Now, a little olive branch to my peers: Obviously, if the picture is clear and sharp, that is better than low-res and blocky or artifacted. If the startup time is short, that is better than a lengthy wait for things to kick in. But what will drive much more consumer satisfaction is if the discovery process and UI is simple and engaging, and if the quality of storytelling in the video material captures the audience’s attention.

With audiences now able to be more fickle, they are clearly making easy-to-execute choices about where they engage with curated and relevant content. Importantly, many reports show that a significant proportion of internet traffic is pirate content: and this has often been attributed simply to the fact that it is easier to find than legal content.

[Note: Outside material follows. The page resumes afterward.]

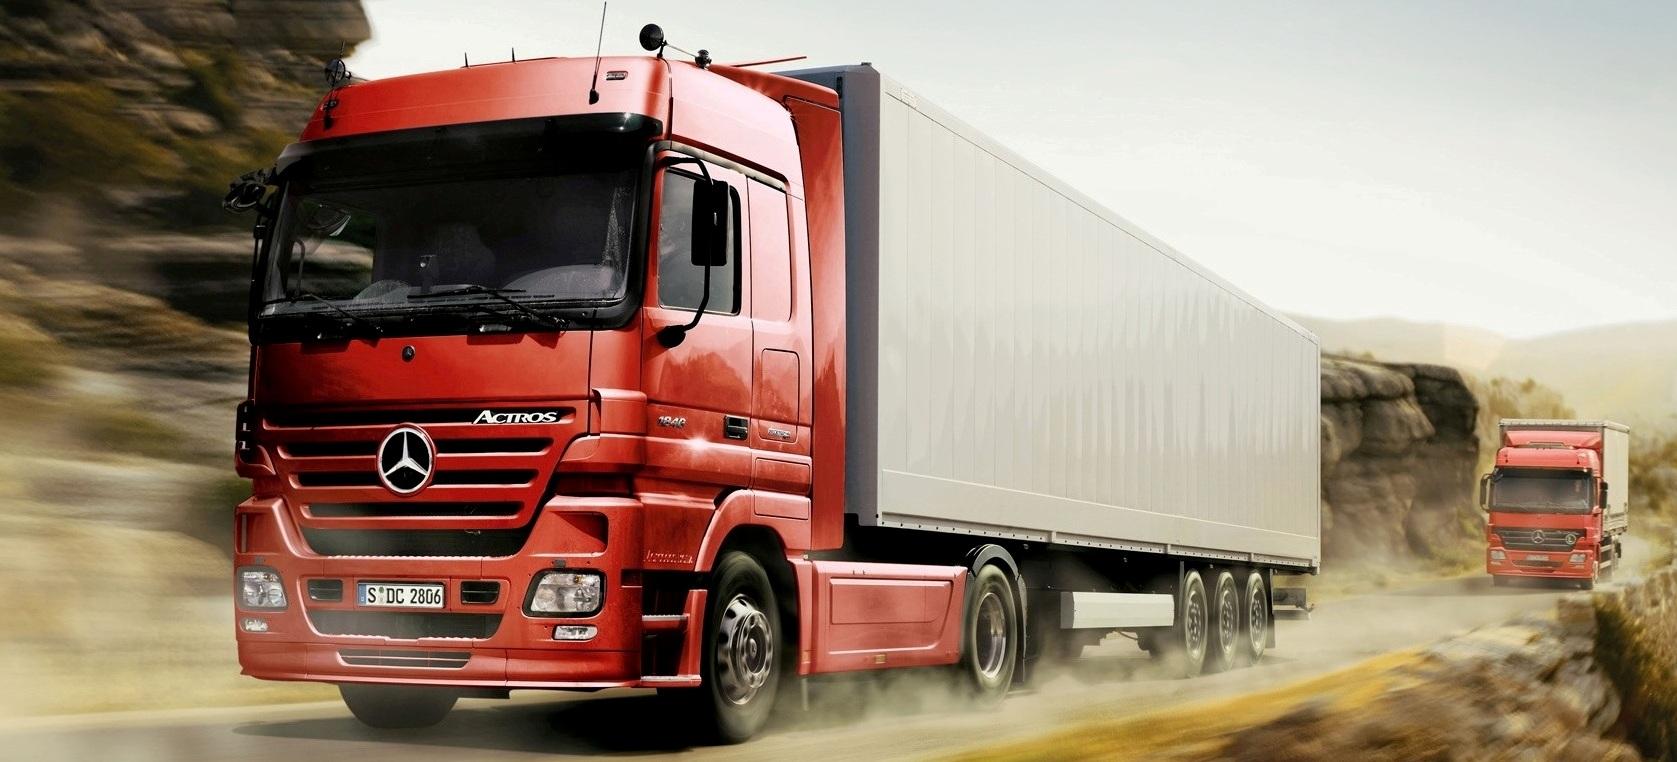 Road Transport, International Transport Container

So, yes (my final olive branch) obviously the delivery of streaming has to at its very least be “good enough”– but over-engineering the quality at the expense of choice and discoverability of good enough content for the end user must, I repeat, MUST be avoided. 

Always invest in better content and discovery models as your priority to focus on customer acquisition. Then, as a retention strategy, reward your subscribers with better quality as they become loyal.